[PATCH/RFC] I/O-check interface for driver's error handling

From: Hidetoshi Seto (seto.hidetoshi_at_jp.fujitsu.com)
Date: 03/01/05

  • Next message: Bartlomiej Zolnierkiewicz: "Re: [patch ide-dev 8/9] make ide_task_ioctl() use REQ_DRIVE_TASKFILE"
    Date:	Tue, 01 Mar 2005 17:33:48 +0900
    To: Linux Kernel list <linux-kernel@vger.kernel.org>, linux-pci@atrey.karlin.mff.cuni.cz, linux-ia64@vger.kernel.org
    
    

    Hi, long time no see :-)

    Currently, I/O error is not a leading cause of system failure.
    However, since Linux nowadays is making great progress on its
    scalability, and ever larger number of PCI devices are being
    connected to a single high-performance server, the risk of the
    I/O error is increasing day by day.

    For example, PCI parity error is one of the most common errors
    in the hardware world. However, the major cause of parity error
    is not hardware's error but software's - low voltage, humidity,
    natural radiation... etc.
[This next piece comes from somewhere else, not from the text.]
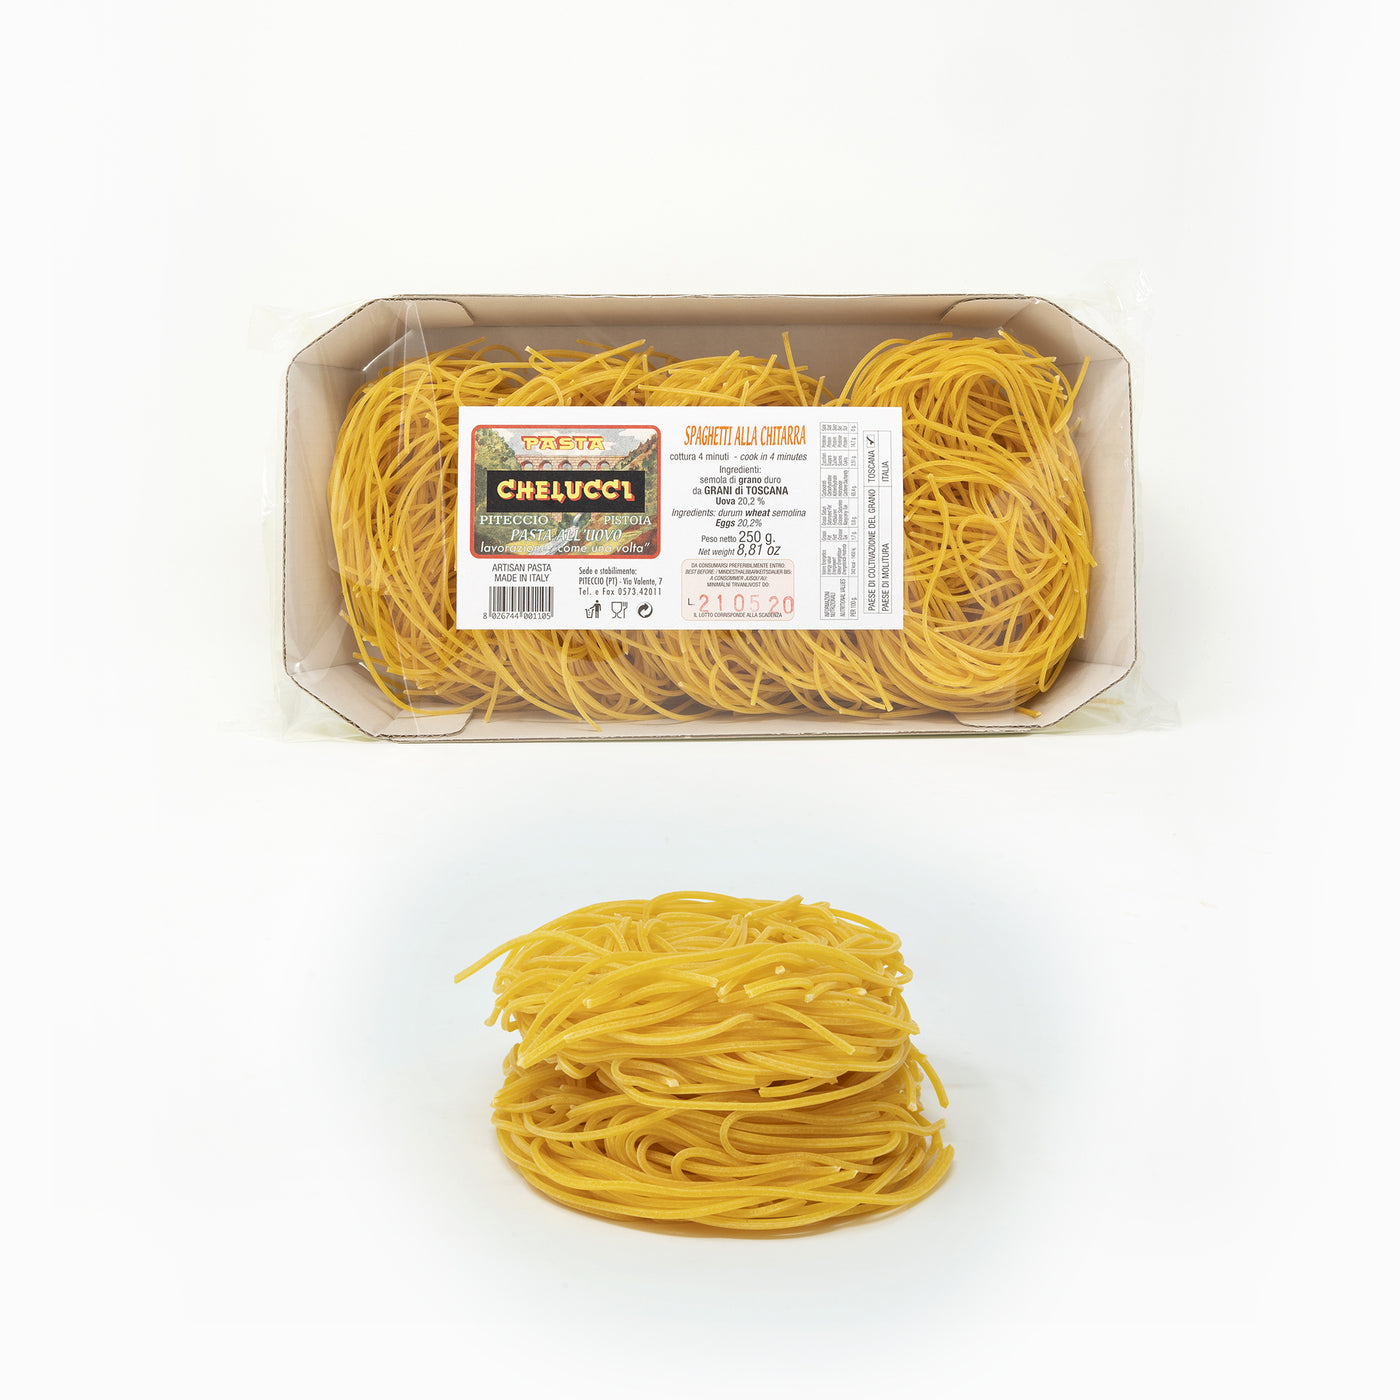 Spaghetti alla Chitarra all'Uovo

Even though, some platforms are nervous
    to parity error enough to shutdown the system immediately on such
    error. So if device drivers can retry its transaction once results
    as an error, we can reduce the risk of I/O errors.

    So I'd like to suggest new interfaces that enable drivers to
    check - detect error and retry their I/O transaction easily.
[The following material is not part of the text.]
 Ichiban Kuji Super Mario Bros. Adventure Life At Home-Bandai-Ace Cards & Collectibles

    Previously I had post two prototypes to LKML:
    1) readX_check() interface
        Added new kin of basic readX(), which returns its result of
        I/O. But, it would not make sense that device driver have to
        check and react after each of I/Os.
    2) clear/read_pci_errors() interface
        Added new pair-interface to sandwich I/Os. It makes sense that
        device driver can adjust the number of checking I/Os and can
        react all of them at once. However, this was not generalized,
        so I thought that more expandable design would be required.

    Today's patch is 3rd one - iochk_clear/read() interface.
    - This also adds pair-interface, but not to sandwich only readX().
       Depends on platform, starting with ioreadX(), inX(), writeX()
       if possible... and so on could be target of error checking.
    - Additionally adds special token - abstract "iocookie" structure
       to control/identifies/manage I/Os, by passing it to OS.
       Actual type of "iocookie" could be arch-specific. Device drivers
       could use the iocookie structure without knowing its detail.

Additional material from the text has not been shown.